High Arched Foot

Cavus foot is a type of condition where the foot has a very high arch.  Due to the high arch, a tremendous amount of weight is placed onto the ball and the heel of the foot whenever standing or walking.  The condition leads to a number of different symptoms and signs which can affect the foot, ankle, knee, hip and spine.  It tends to be present at birth but only noticed later in adulthood. Once considered a sign of the aristocracy, it is now just considered a biomechanical problem. A high arch can also (and less commonly) be caused by a neurological disorder or other types of medical conditions.

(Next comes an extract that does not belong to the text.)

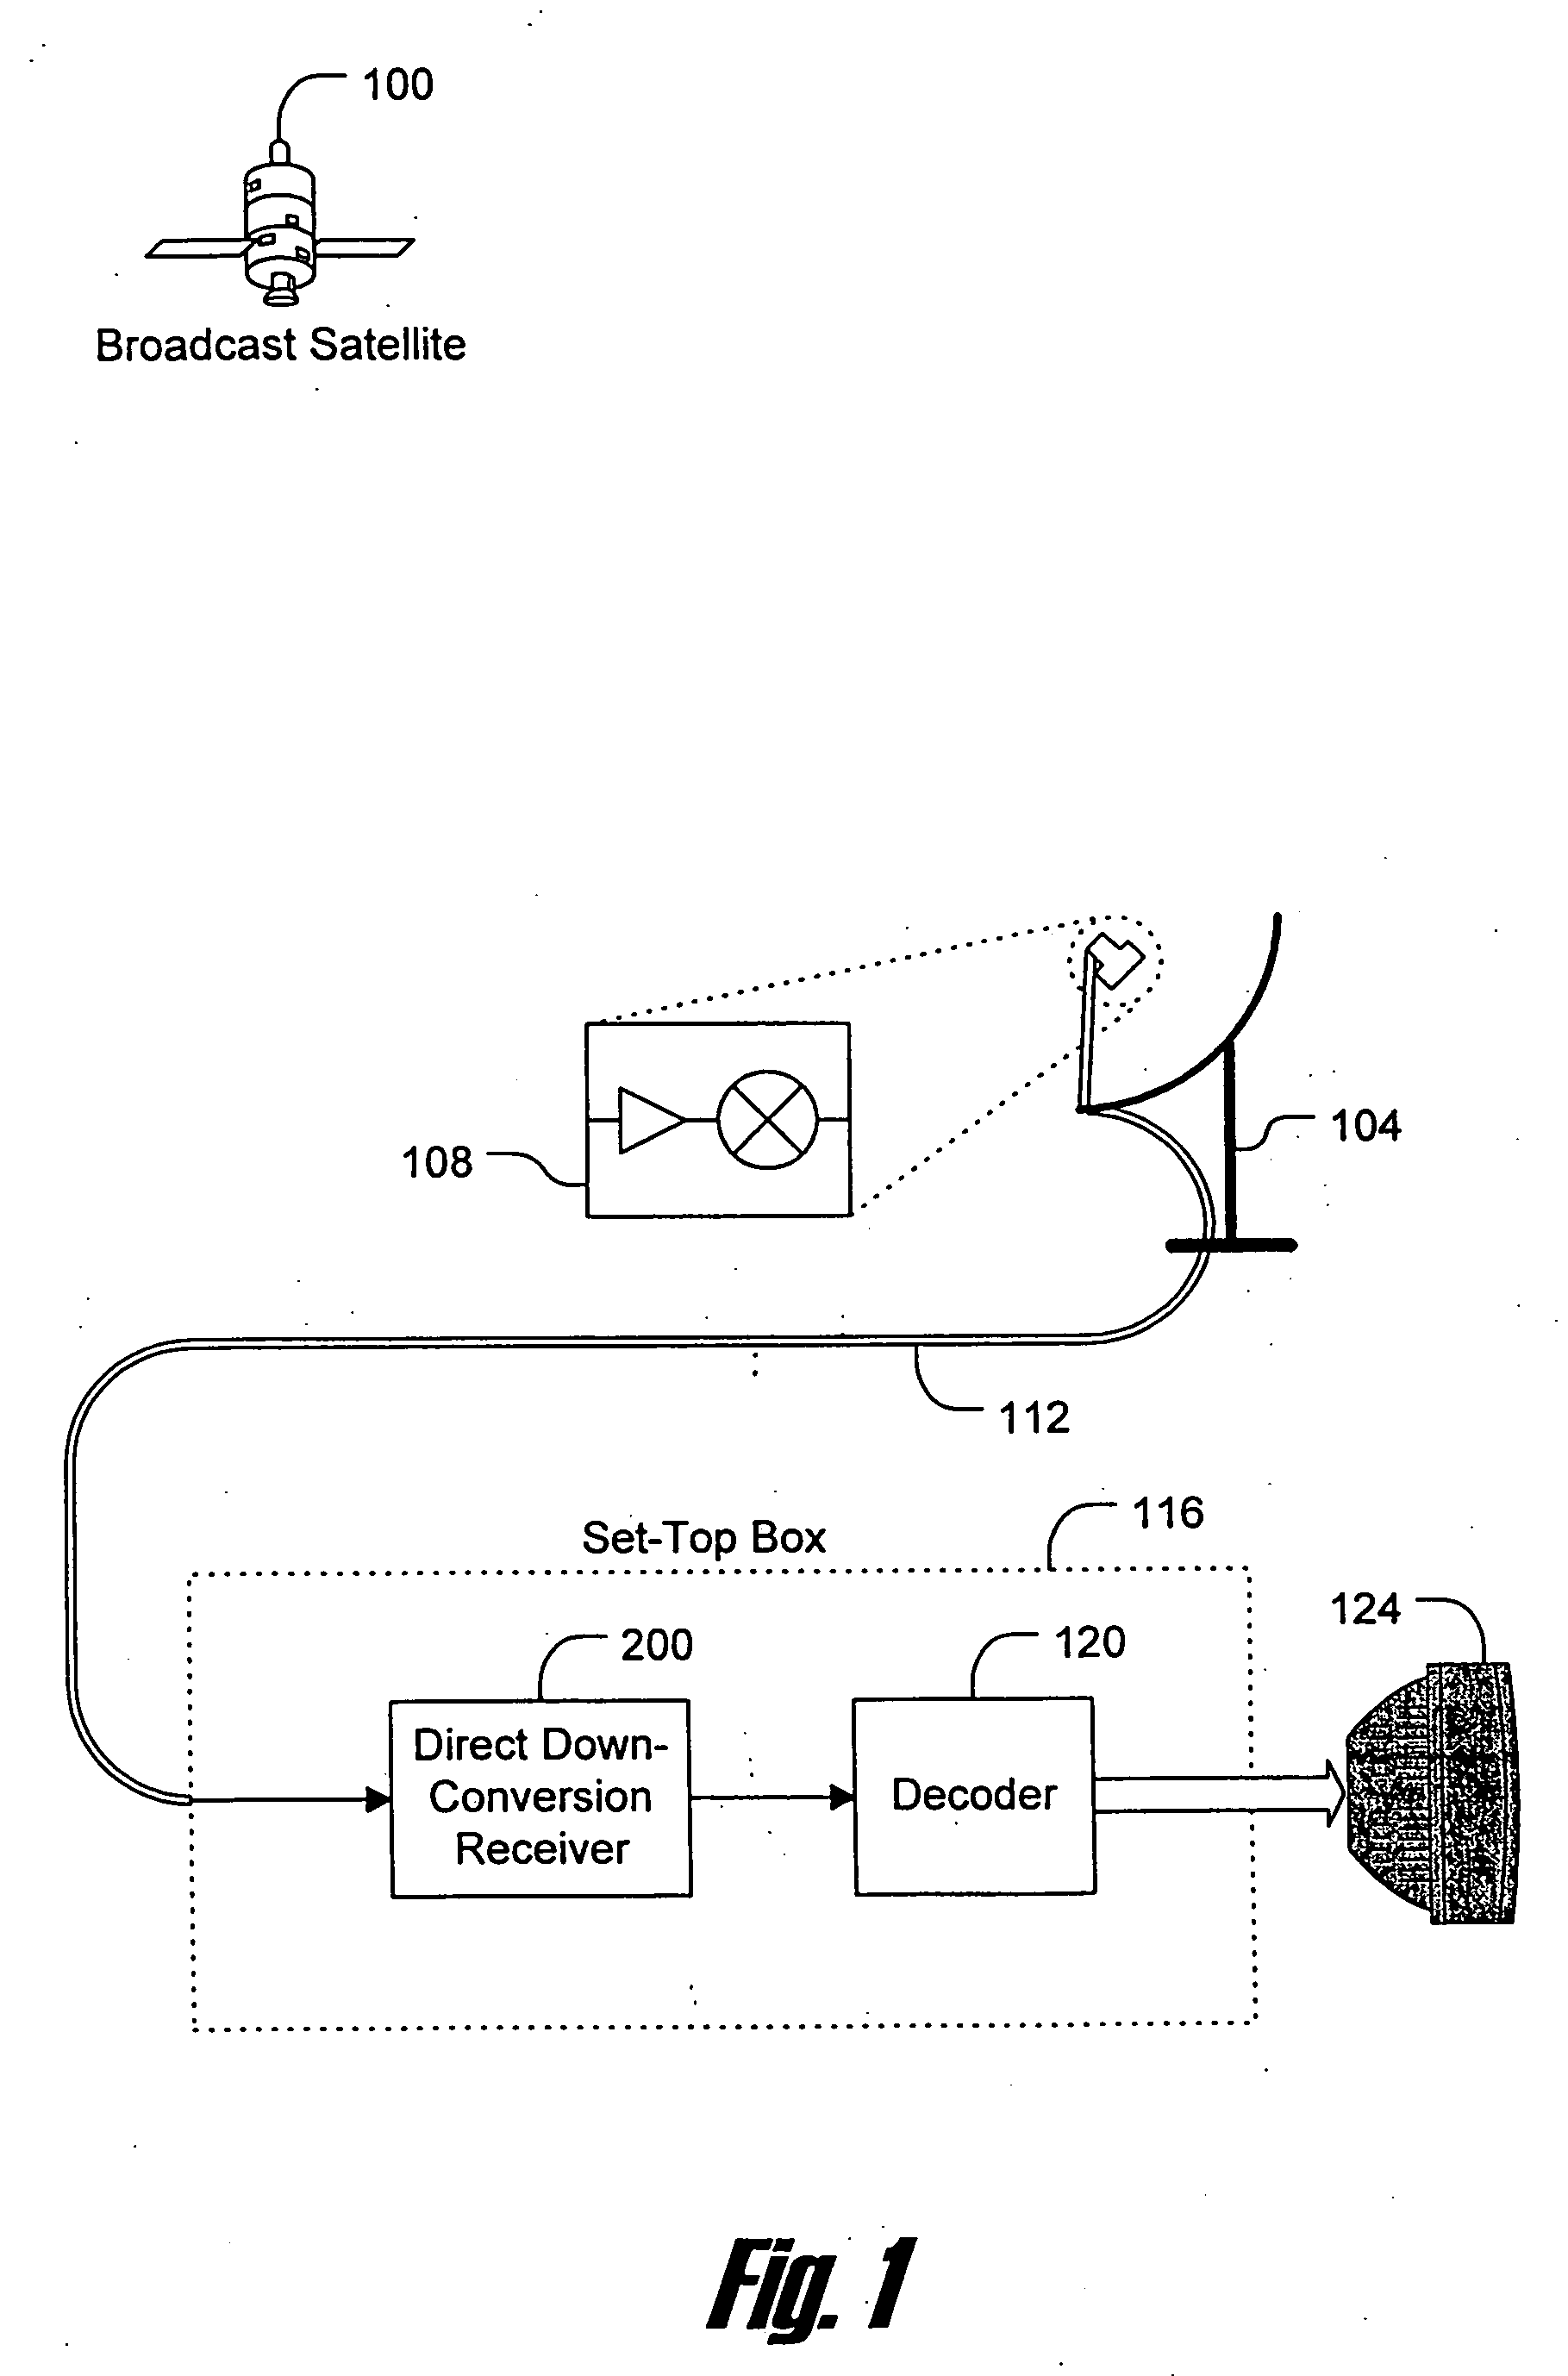 System and method of frequency synthesis to avoid gaps and VCO pulling in direct broadcast statelite systems

High arches in themselves may or may not cause a problem. As the body has compensated for it over a number of years, some experts strongly advocate just leaving it as it is. But the high arch can affect force transmission in the foot, causing issues in other joints in the legs such as ankles knees and hips.

High Arched Foot Anatomy

The foot tends to be a complex structure located at the end of the leg.  It is composed of more than 33 joints and 26 bones.  It provides balance, assists in mobility and performs a number of other different essential functions for humans.  The shape, along with the natural balance-keeping systems in the body, make humans capable of running, walking, climbing and a host of other activities.  The structure of the foot is similar in nature to that of the hand.  Since it bears additional weight, it is less mobile and a lot stronger.

High Arched Foot

How to Treat a High Arched Foot:

  1. Orthotic Devices

Custom orthotics that fit into your shoes are quite beneficial because they provide you with cushioning and stability for the foot.

  1. Shoe Modifications

High-topped shoes help provide support for the ankle.  Shoes that have heels that are a little wider on the bottom will provide you with a sense of stability.

  1. Bracing

Surgeons might recommend bracing to help keep the ankle and foot stable.  It also tends to be quite useful in managing any foot drop.

  1. Surgery

When non-surgical treatment fails to provide pain relief and improve overall stability, surgery might be necessary to decrease pain, compensate for foot weakness and increase stability.  The best procedure will be determined based on your individual case.  In certain instances where a neurological problem exists, surgery may be needed down the line to help slow the disorder progression.

Tips:

  • Most of the time, cavus foot is often hereditary and you are born with it.
  • Determine what type of foot structure your siblings and parents have to see if you are prone to developing any pain or problems with your lower limbs.
  • Spina bifida and muscular dystrophy tend to make individuals more prone to the condition as  the muscles weaken.
  • Weak calf muscles can cause the condition depending on the biomechanics involved.
  • Seek help from your sports therapist or podiatrist to advise you on the best course of action.
  • The high arch can naturally drop with age.